In both Bruen and Dobbs v. Jackson Women’s Health Organization, in which the Supreme Court overturned Roe v. Wade the day after it decided Bruen, the court abandoned the methods of judicial scrutiny that judges have long used to determine the constitutionality of challenged laws by balancing the governmental interests advanced by the laws in question against the competing rights of individuals affected by the laws. In place of such interest-balancing, the Supreme Court substituted an “originalist” test based exclusively on the justices’ highly selective reading of history and their sense of tradition.
Applying Bruen’s history and tradition standard to domestic violence, the 5th Circuit held that while section 922(g)(8) “embodies salutary policy goals meant to protect vulnerable people in our society”…it is “an [historical] outlier that our ancestors would never have accepted.”

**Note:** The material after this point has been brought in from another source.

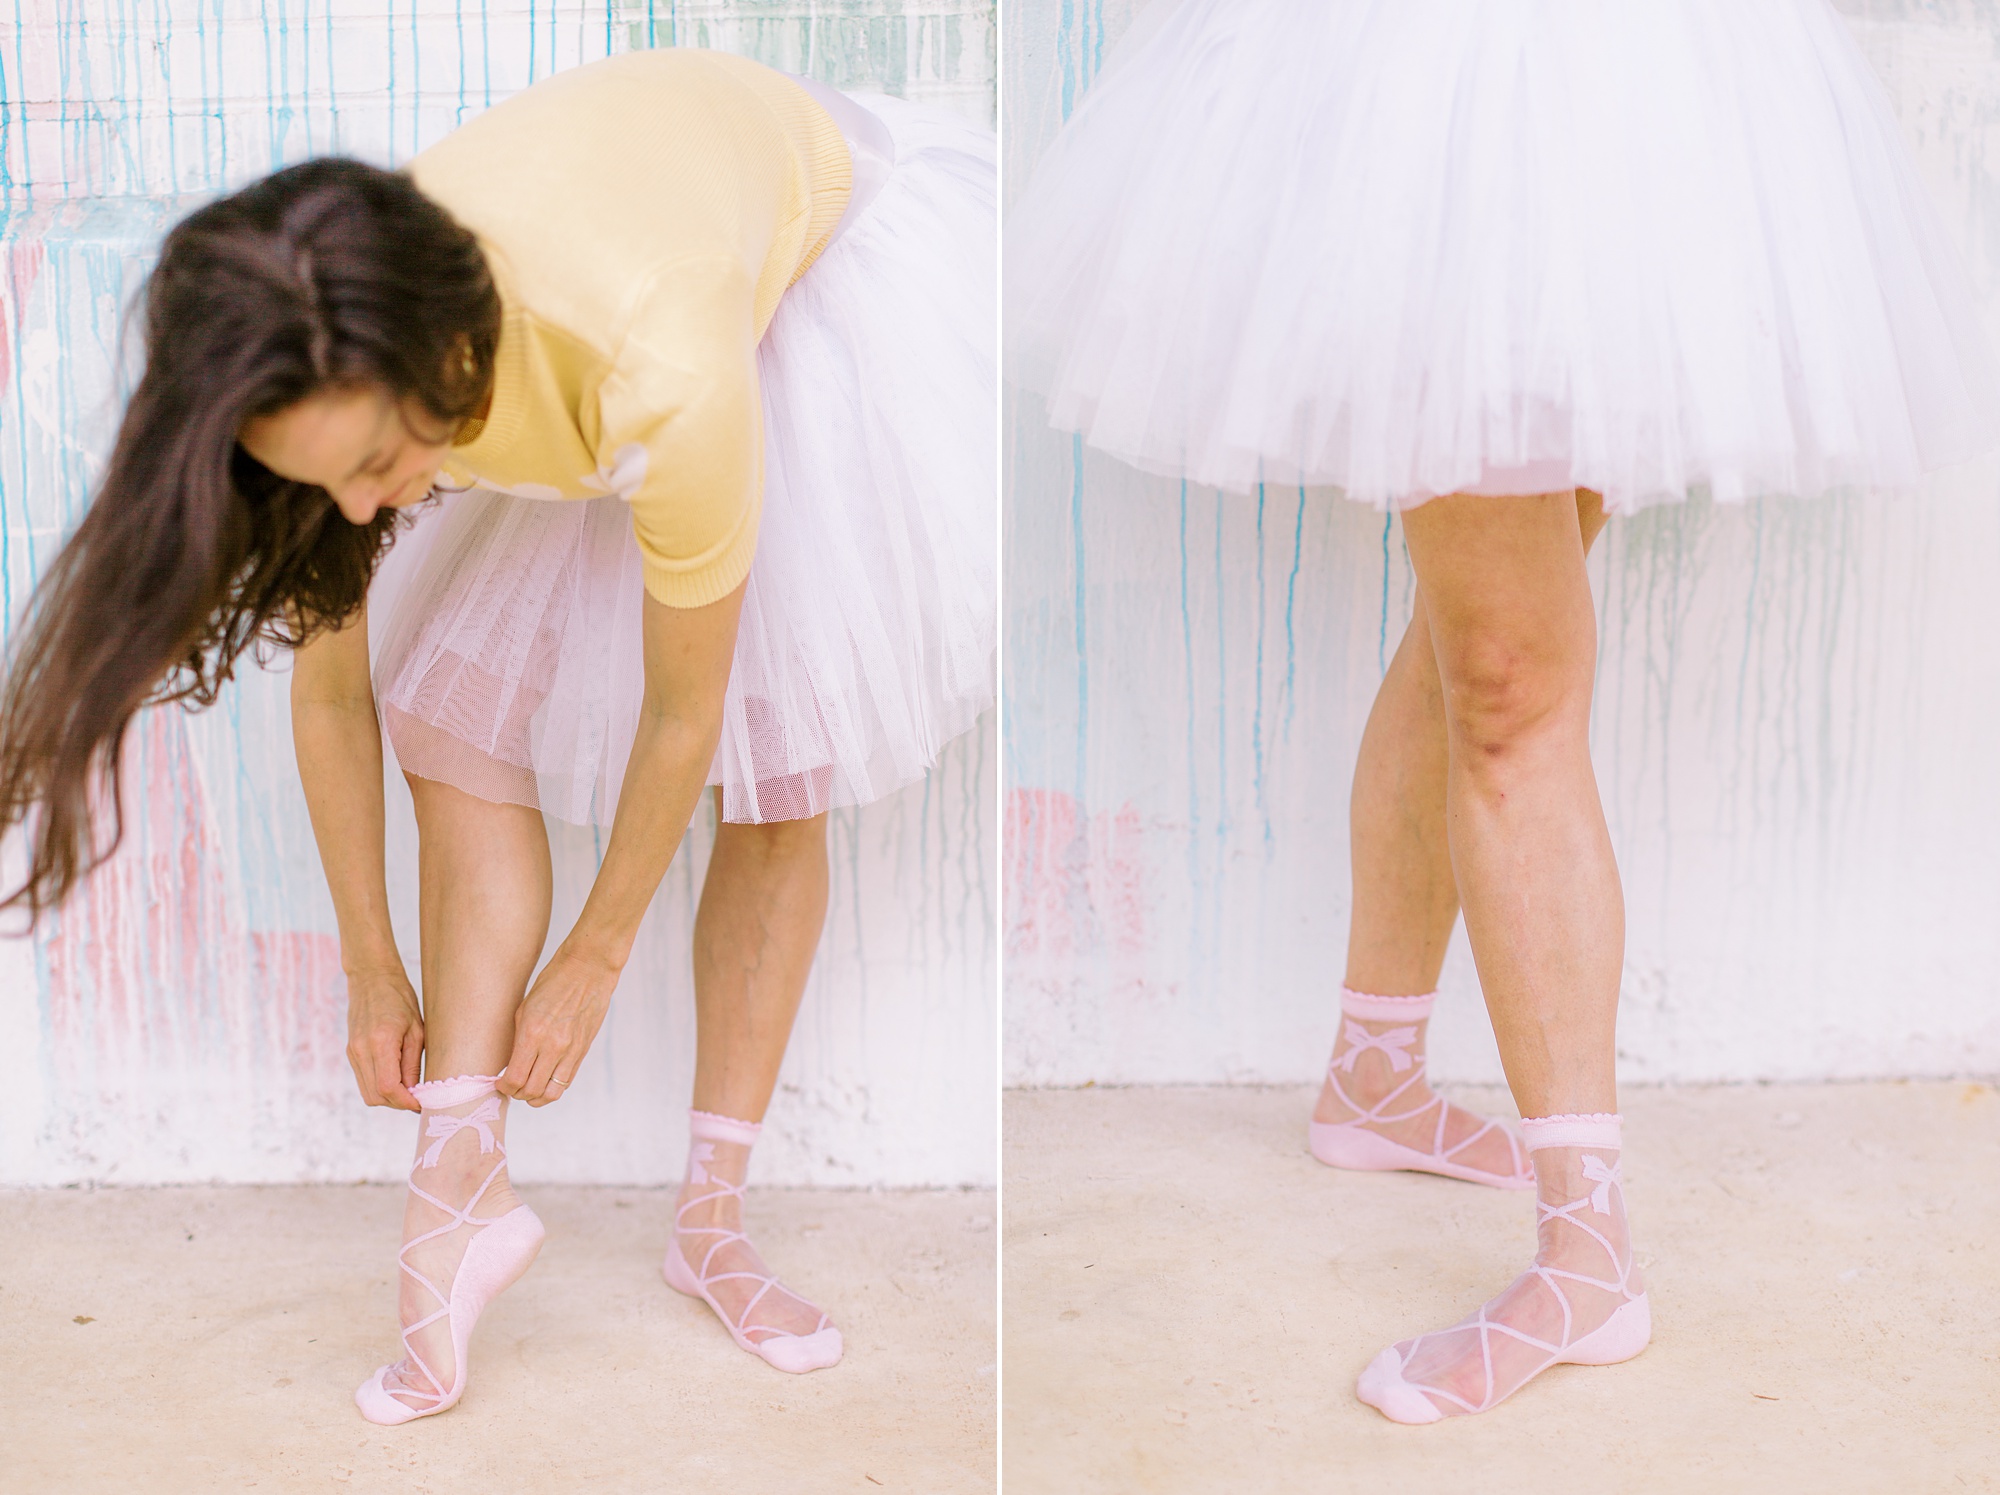 teacher adjusts ballet shoe socks

The sexism of the 5th Circuit’s reasoning is blatant. By “our ancestors,” the circuit had in mind the views and interests of the wealthy white men who drafted and debated the merits of the Constitution during the “founding era” at the close of the 18th century. Excluded from the court’s opinion is any mention of the views or interests of the women of that era, who not only lacked the right to vote, but also had no legal protections against domestic violence.

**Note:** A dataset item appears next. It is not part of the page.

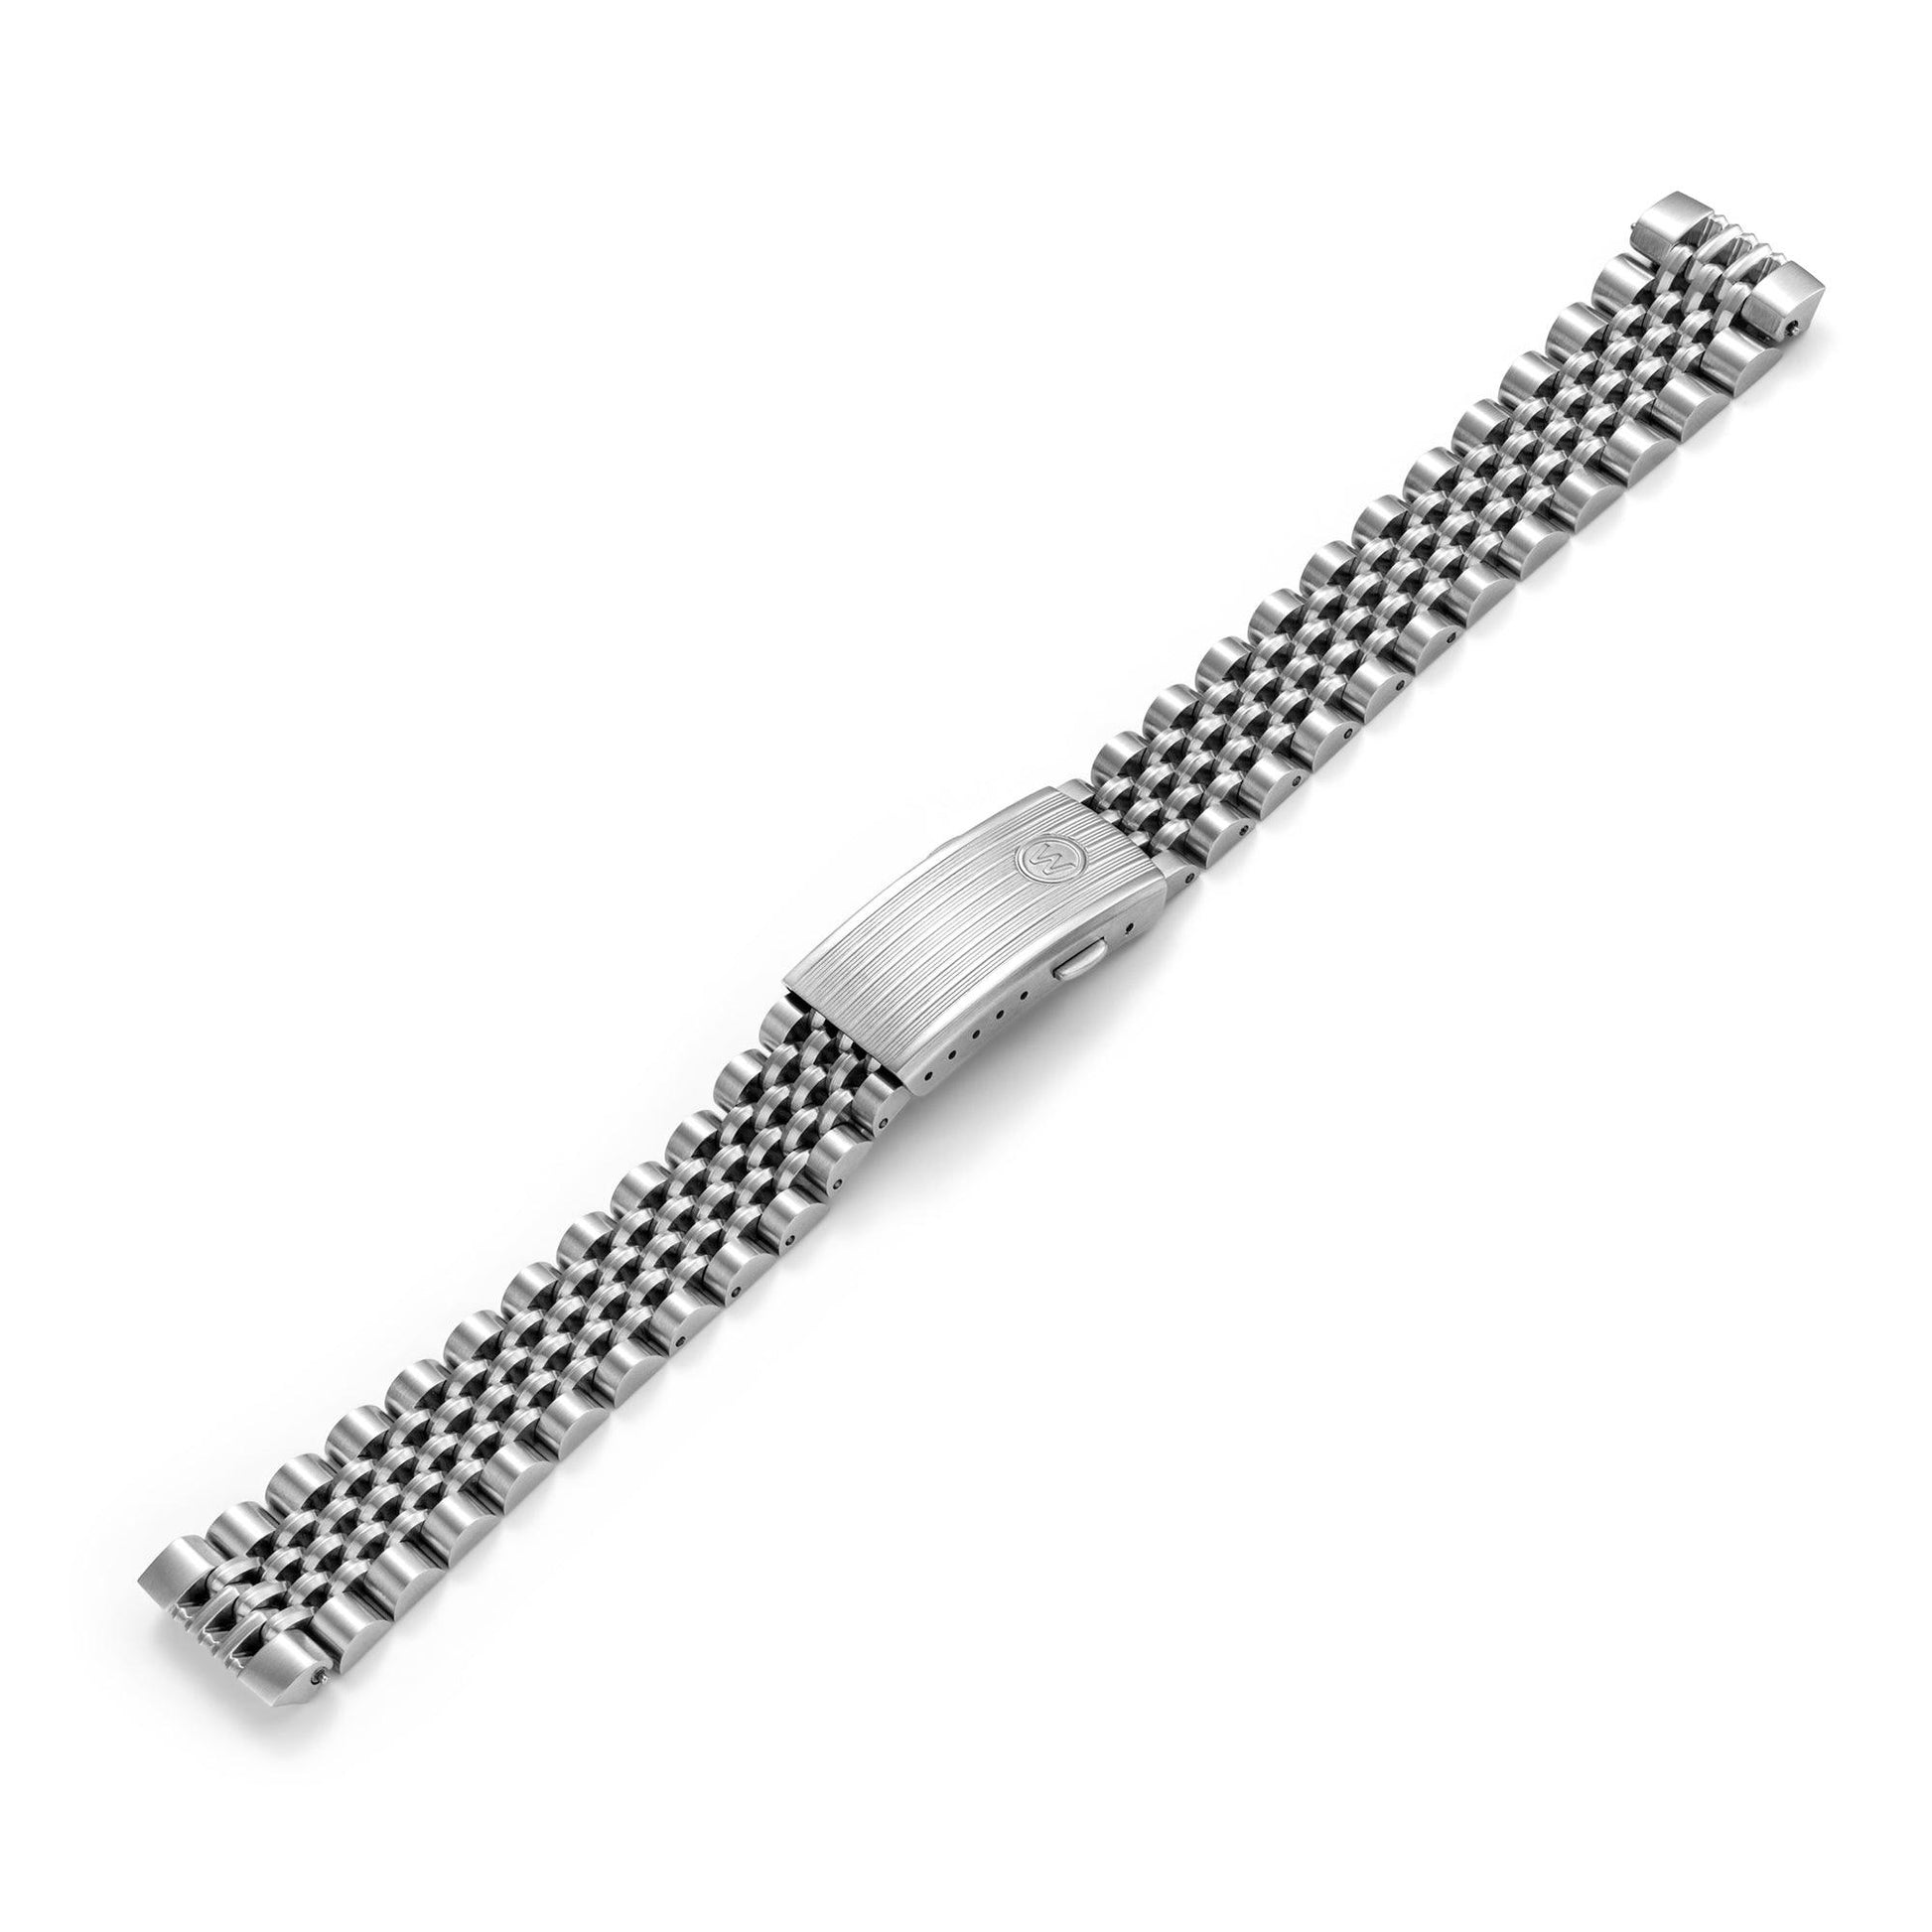 Skindiver WT Mecaquartz Bracelet Watch - Black & Steel - Wolbrook Watches

The Justice Department moved quickly to petition the Supreme Court to review the 5th Circuit’s decision, and on June 30, the last day of its 2022-23 term, the court agreed to hear the case.
The Supreme Court is now poised to expand the reach of the Second Amendment yet again, continuing a process that began in 2008, when it sold its soul to the gun lobby with its 5-4 majority opinion written by the late Antonin Scalia in District of Columbia v. Heller, that held for the first time that the Second Amendment protects an individual right to own firearms.
Prior to Heller, the great weight of academic scholarship as well as the court’s 1939 decision in United States v. Miller had construed the Second Amendment, in keeping with the actual debates of the Constitutional Convention, as protecting gun ownership only in connection with service in long-since antiquated state militias.
In 2010, the court again genuflected to the gun lobby. In another 5-4 opinion in McDonald v. Chicago, this time written by Samuel Alito, the court extended Heller, holding that the individual right to keep and bear arms is “incorporated” by the 14th Amendment’s due process clause and is therefore applicable to the states and local governments.
Last year’s Bruen decision was decided on a 6-3 vote, with all the court’s Republican appointees, including Chief Justice John Roberts, joining Clarence Thomas’ majority opinion.
Still, there is some cause for optimism. Rahimi is an especially ugly standard-bearer for gun-rights groups. “In some ways Rahimi…is the best case for gun safety advocates,” UCLA law professor Adam Winkler told USA Today in a recent interview. “The justices are going to be understandably reluctant to say that domestic abusers have a right under the Second Amendment to possess firearms.”
To date, no gun-rights groups have filed amicus (“friend of the court”) briefs on Rahimi’s behalf with the Supreme Court, although representatives from both the Second Amendment Foundation and Gun Owners of America told USA Today that they planned to do so.
In the meantime, the court remains mired in a crisis of legitimacy that has seen its public approval ratings plummet to all-time lows. A ruling in Rahimi’s favor will likely aggravate that crisis, and for good reason. Every month an average of 70 women are killed by an intimate partner—some of whom had protection orders against their killers.
The court has until the end of June to resolve the case, just before the 2024 elections.